Logo

Much of the media, and at least some government insiders who collude with them in pushing dubious narratives, want you to believe President Trump is breaking with Israel’s Benjamin Netanyahu over Iran negotiations; expect such lies to get louder and more self-assured the longer those talks drag on.

The two nations’ interests aren’t identical, nor are the two leaders’ — but reports of a growing divide are mainly an effort to create one.


  President Trump greets Israeli Prime Minister Benjamin Netanyahu for a press conference after meeting at Trump’s Mar-a-Lago club in Palm Beach, Florida, on December 29, 2025. REUTERS President Trump greets Israeli Prime Minister Benjamin Netanyahu for a press conference after meeting at Trump’s Mar-a-Lago club in Palm Beach, Florida, on December 29, 2025. REUTERS

Take the Axios story claiming Trump screamed at Bibi the other night for fighting back after Hezbollah launched fresh attacks on Israel: We hear the friction was in fact two-way, after Trump posted something suggesting Israel had agreed to do nothing while a Netanyahu tweet seemed to indicate full-scale fighting was back on.

OK: The president confirmed to our own Miranda Devine that he called Bibi “effing crazy,” but also gave key context: “I like Bibi a lot, and I work very well with him”; this was a blip in relations between “a wartime president” and “a wartime prime minister.”

In reality, Jerusalem is limiting its counterattacks, while Washington understands that the IDF can’t do nothing when terrorists are firing rockets at civilians; wartime allies work this stuff out.

Meanwhile, these same media interests (and their favored sources) love nothing more than to treat the endless bluster from various Iranian figures at face value, when most of it means nothing at all because none of them are the actual decision-makers in Tehran.
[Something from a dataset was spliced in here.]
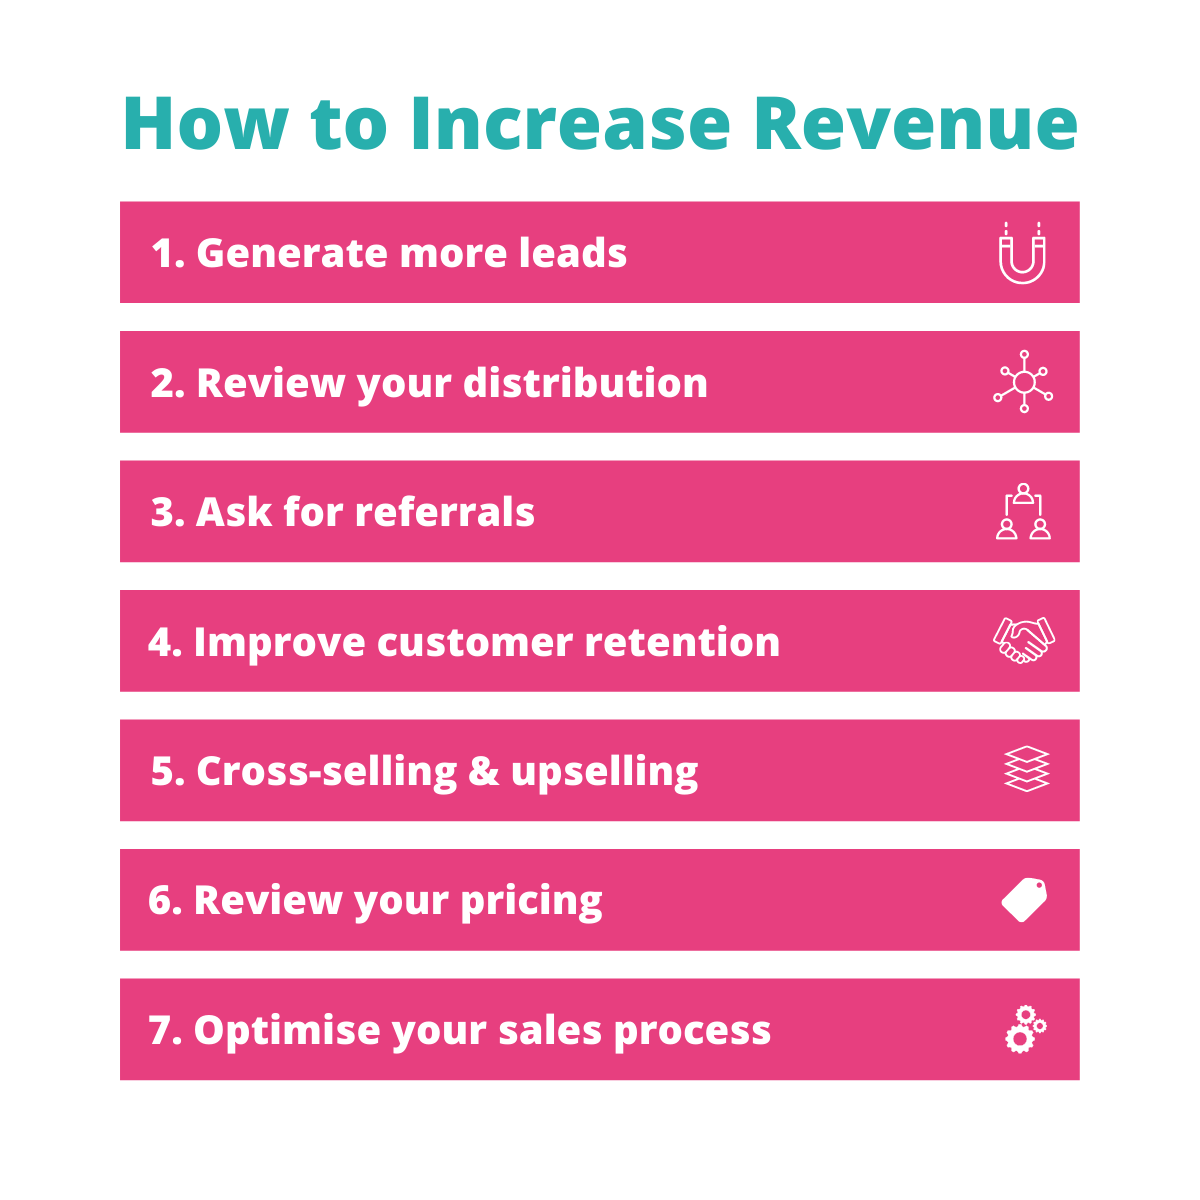 Increase revenue

“Reports” that the Islamic Republic is refusing to end the war without $1 trillion in reparations, an end to all sanctions, international recognition of its right to unrestricted uranium enrichment and toll power over the Strait of Hormuz add up to nothing: Washington won’t agree to any of it, and Tehran lacks the power to impose its will.

Iran doesn’t dare let the war reopen in full, though it’s willing to keep the cease-fire stalemated while it digs out of some of the damage from the first phase, and the regime’s factions try to work out their differences.

Those “demands” are as meaningless as Iranian threats to destroy US forces all across the region and so on.

Even more absurd is the idea that Tehran won’t take peace unless Jerusalem agrees to Hezbollah’s fascist domination of southern Lebanon and constant bombardment of the Israeli north.

Sorry: No country in the world can sit quiet in the face of nonstop terrorist rocket fire, and the leader of any democracy who tried would be rapidly hounded from office.

The reporters (and their sources) who pretend Trump wants Bibi to do that are willfully ignoring these obvious facts to paint their preferred illusions — with no worry at all for how it serves the interests of Iran’s rulers.

After two months with basically zero public information on the US-Iran talks (and Trump’s posts don’t count any more than Iran’s bluster), it’s inevitable that the press resorts to offering disinformation; indeed, the fact that the Western media will rush to smear Trump is likely part of Tehran’s calculations in stretching out negotiations.

In our minds, that’s just one more reason to call the Iranians’ bluff, force the strait open and leave the Islamic Republic to rot.